What to work on: Would you retype exactly the lines below, from the one containing "Toronto Raptors 1X" through the end of the entries, both ends included, but not the pictures?

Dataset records
<<<<

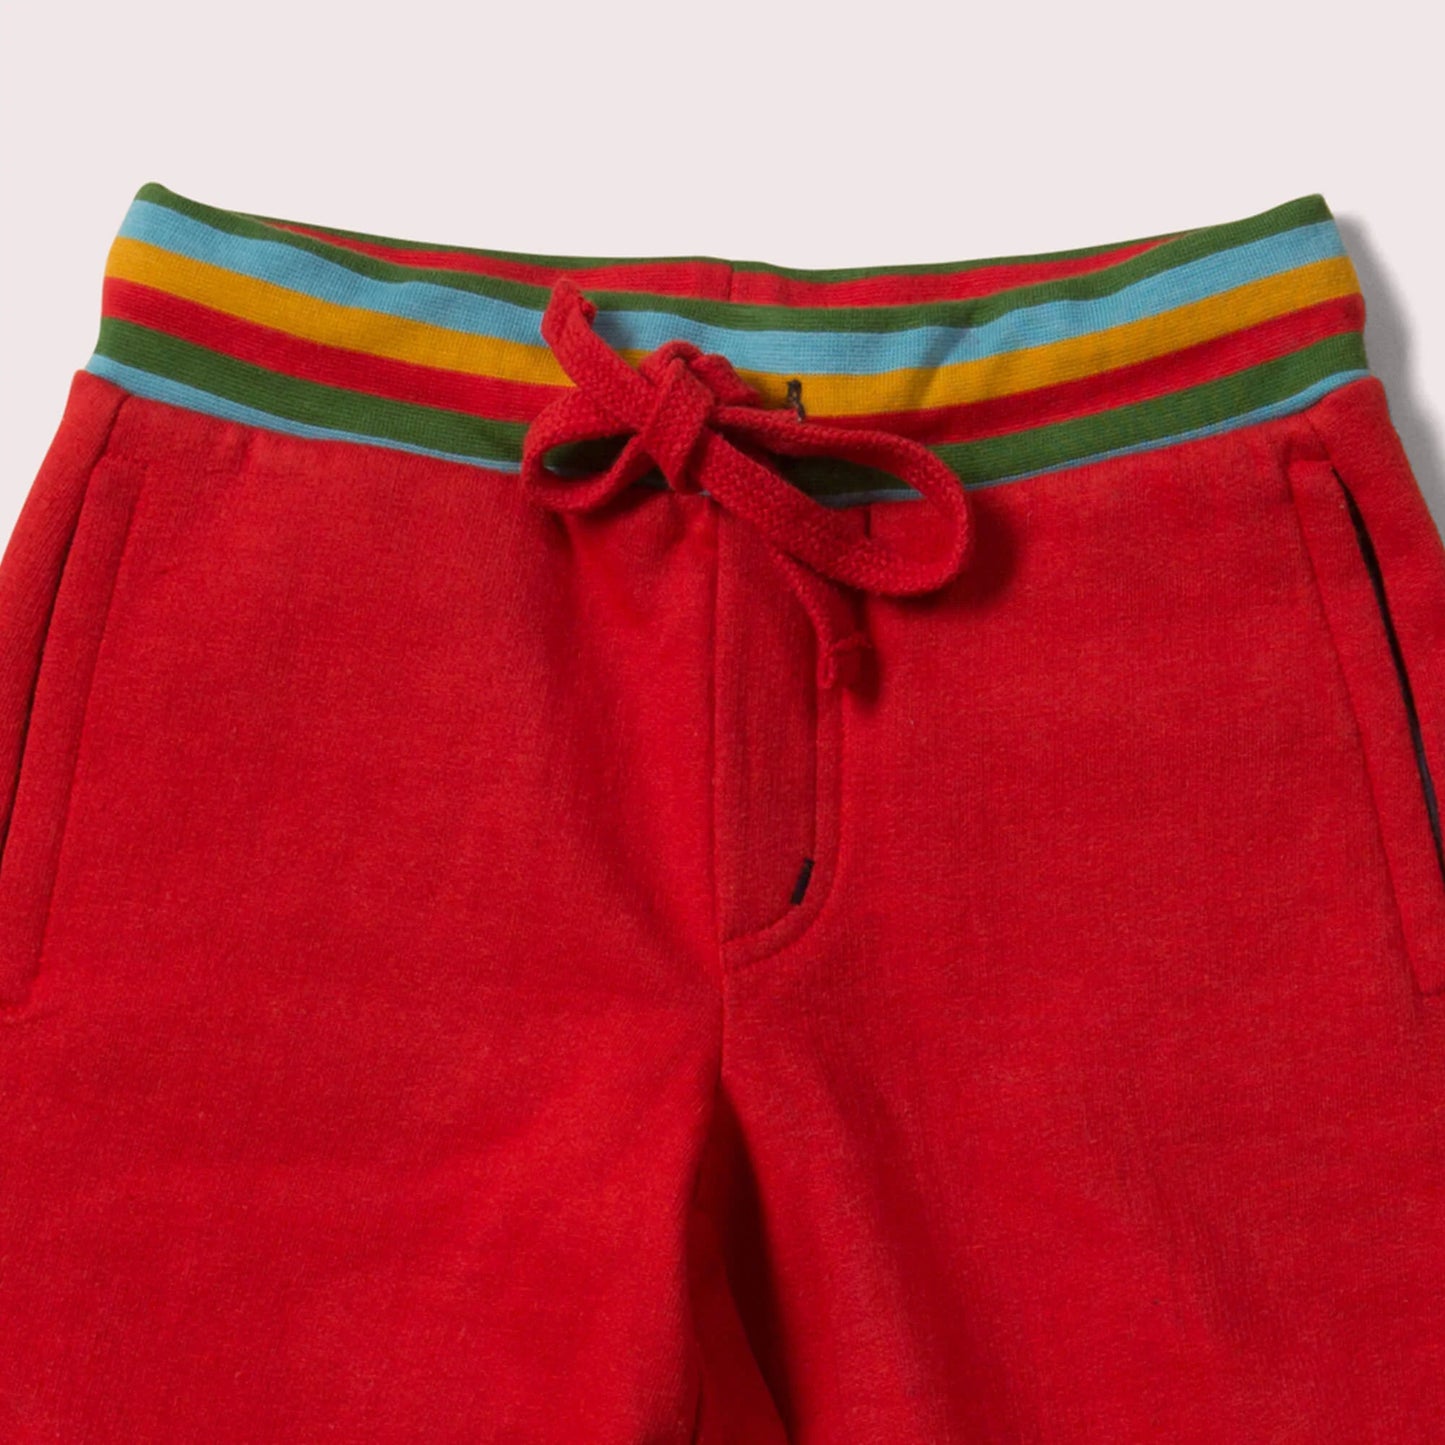 Comfy Jogger Shorts - Red
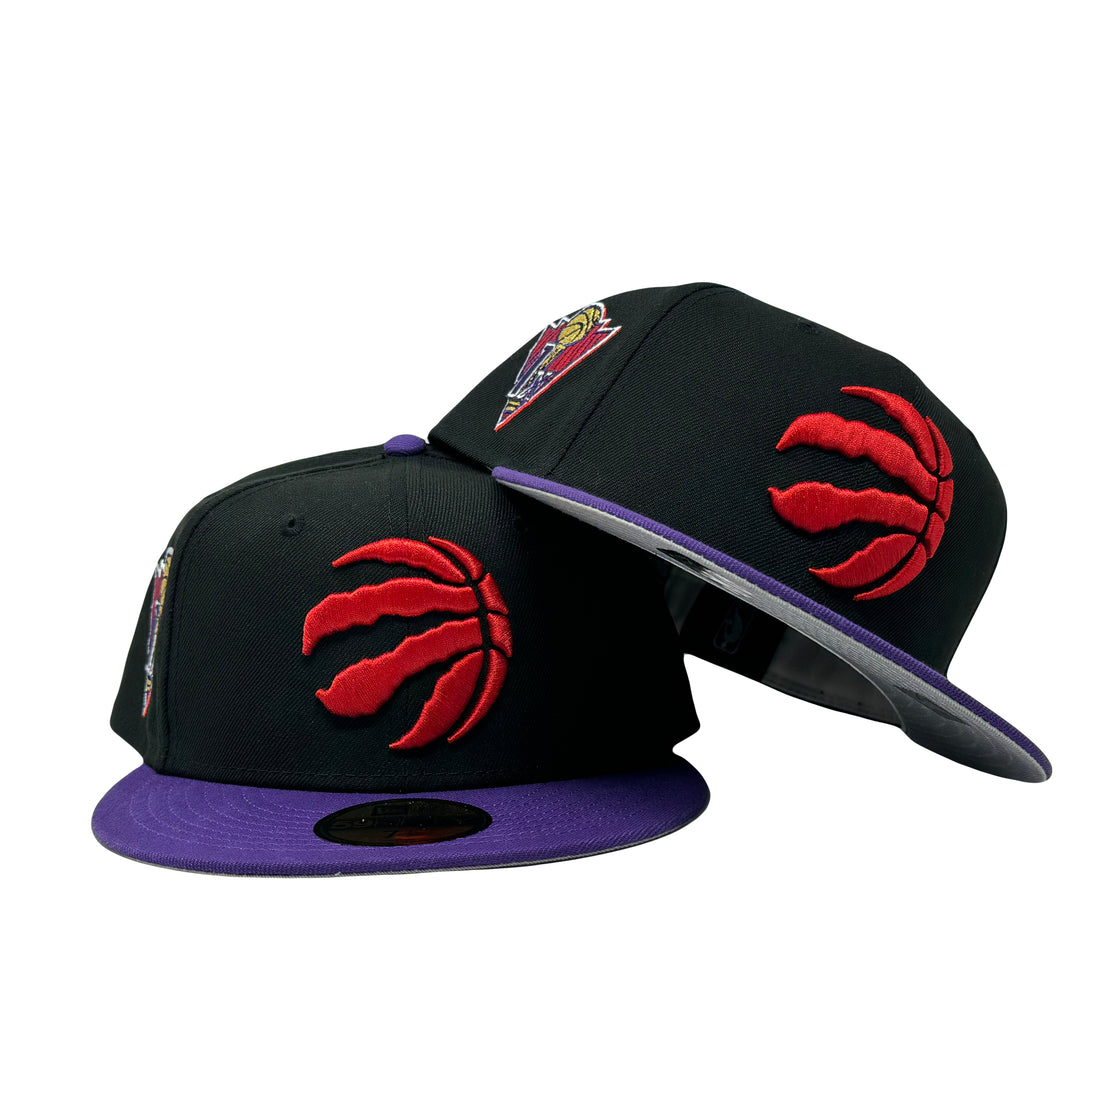 Toronto Raptors 1X NBA Champions 5950 New Era Fitted Hat Black
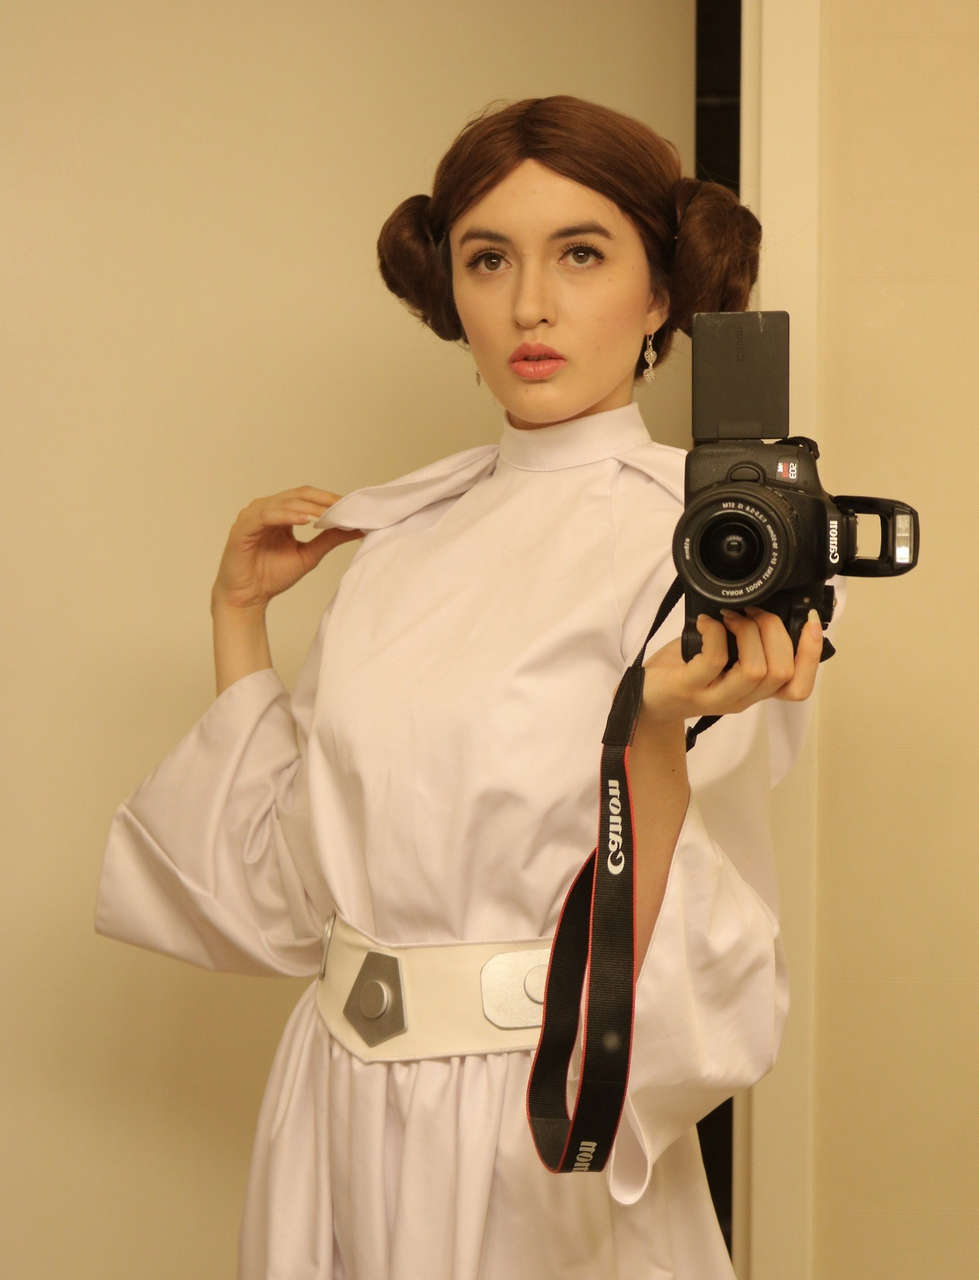 Rebloghogs Take Some Princess Leia Selfies From
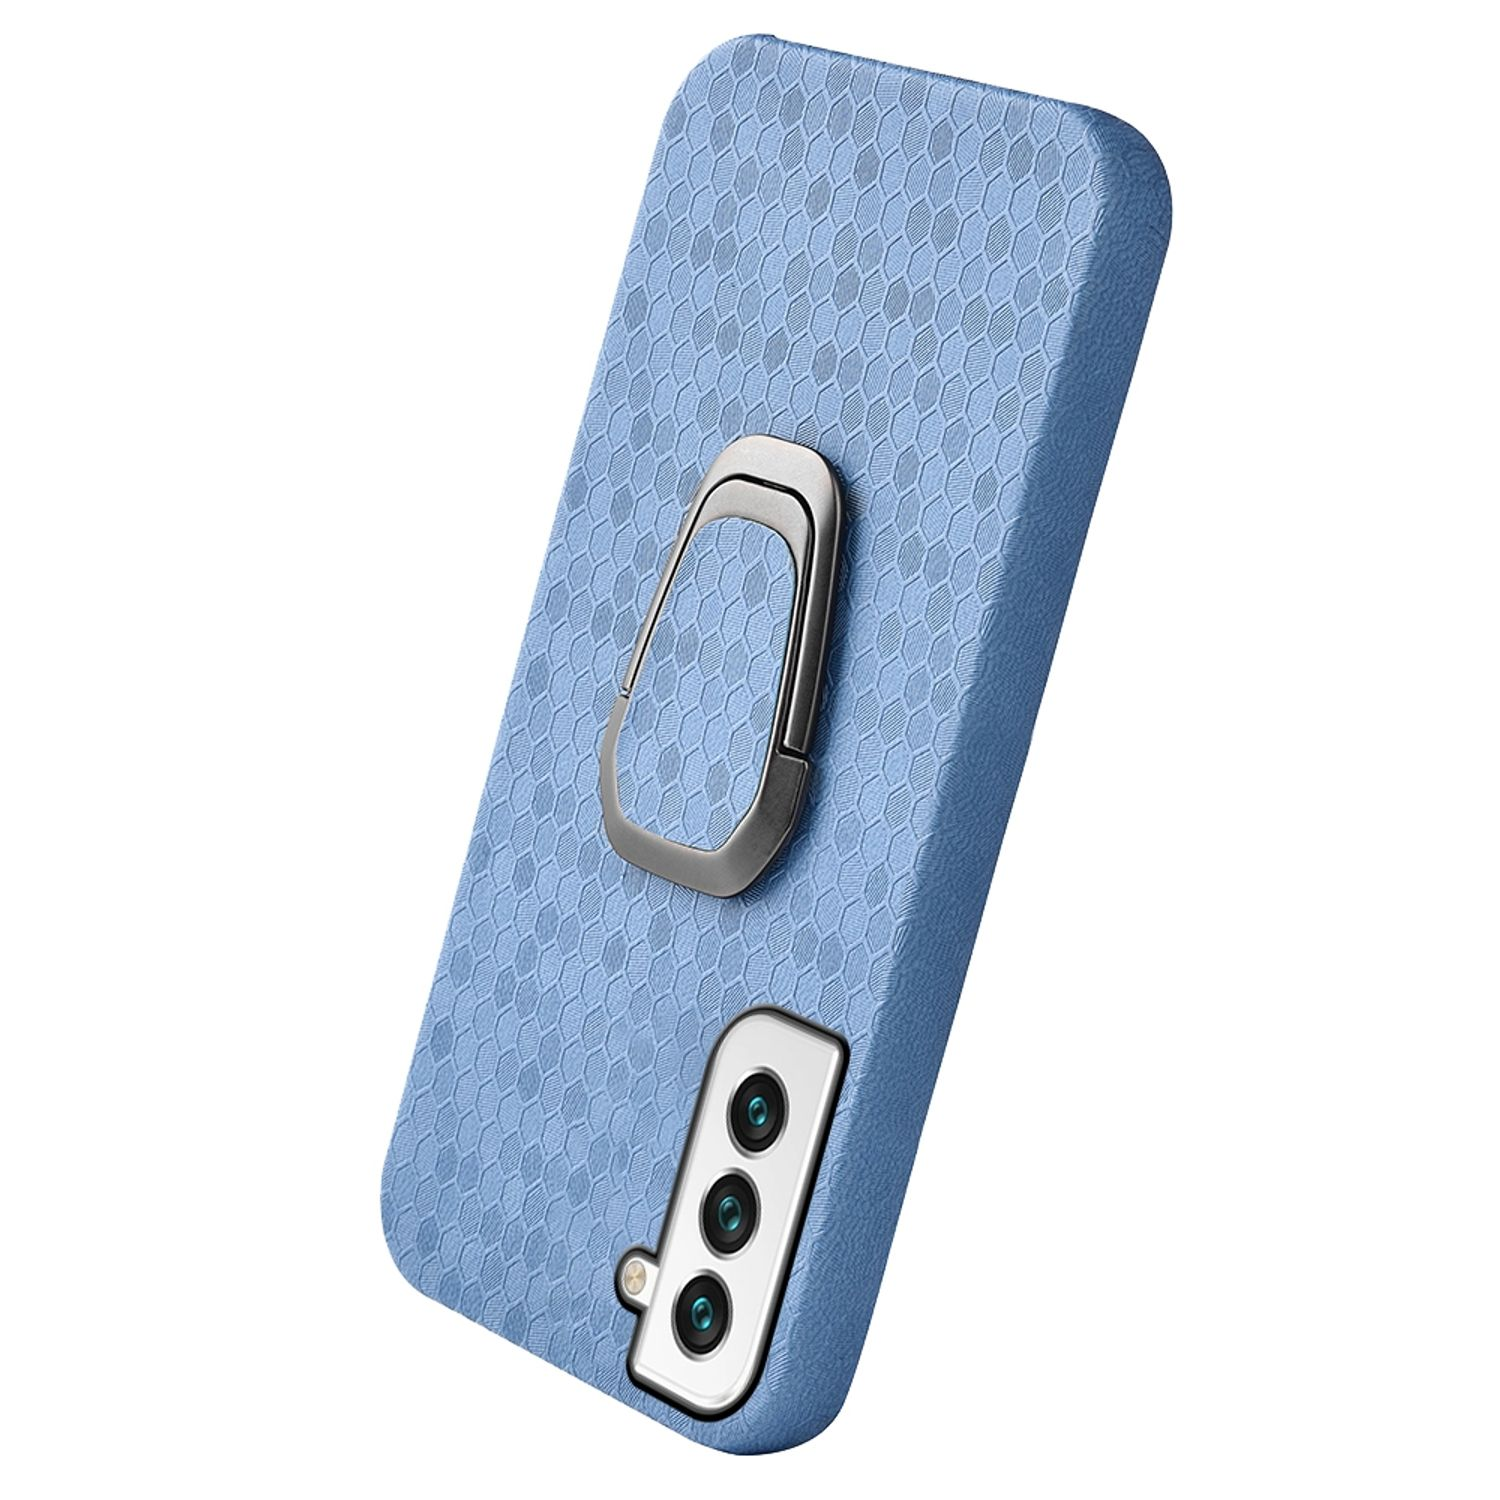 KÖNIG DESIGN Case, Backcover, Blau Baby S22 Galaxy 5G, Samsung
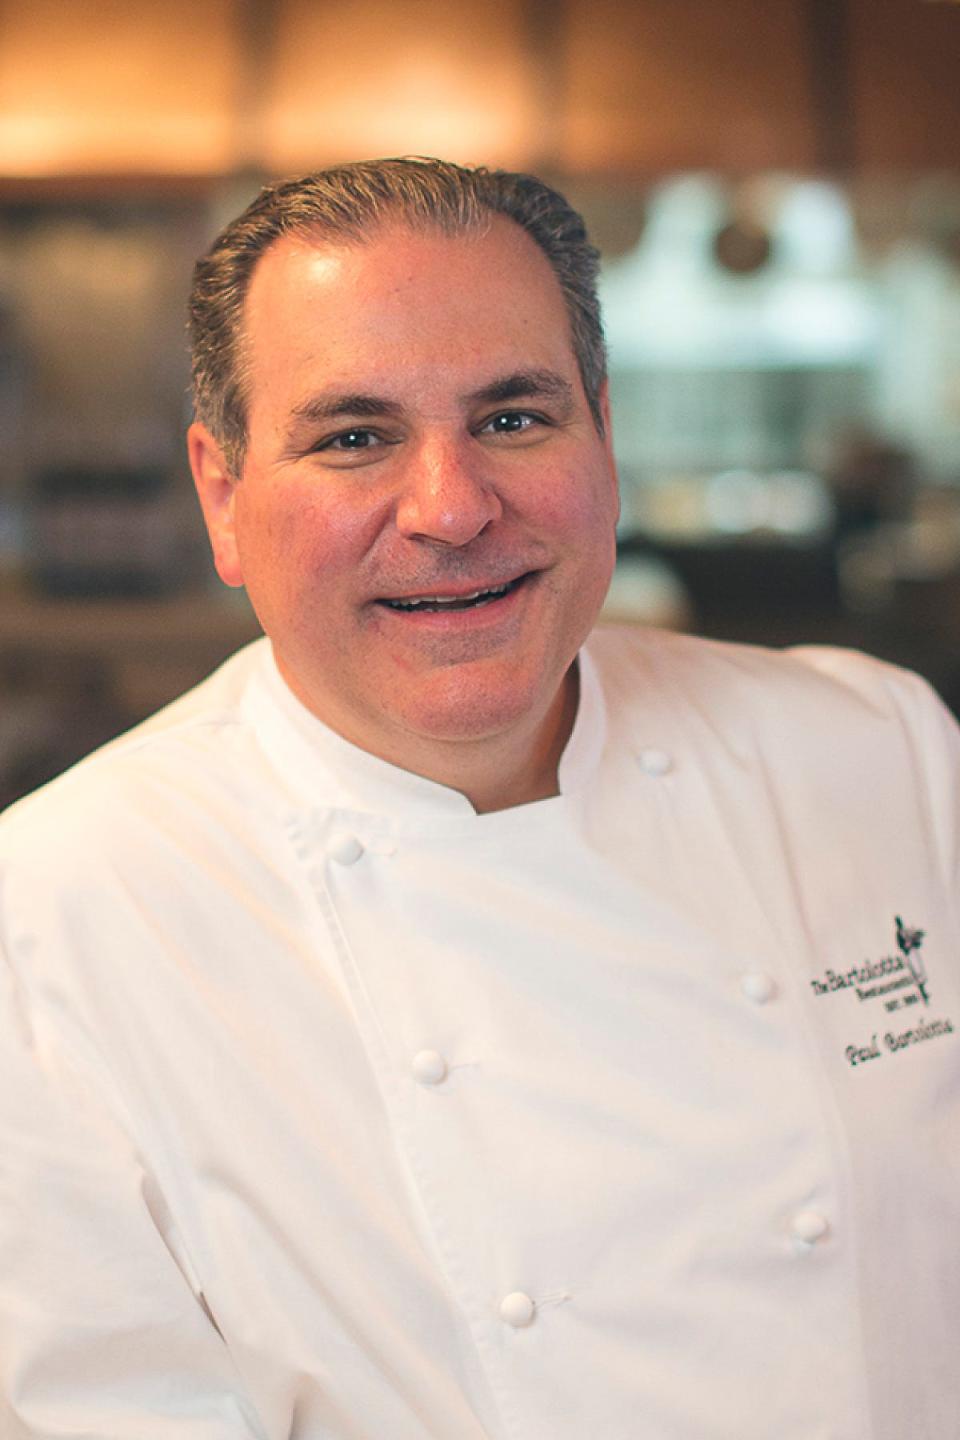 Paul Bartolotta is chef/owner of Bartolotta Restaurant Group.

>>>>

Result:
 Toronto Raptors 1X NBA Champions 5950 New Era Fitted Hat Black
 Rebloghogs Take Some Princess Leia Selfies From
 KÖNIG DESIGN Case, Backcover, Blau Baby S22 Galaxy 5G, Samsung
 Paul Bartolotta is chef/owner of Bartolotta Restaurant Group.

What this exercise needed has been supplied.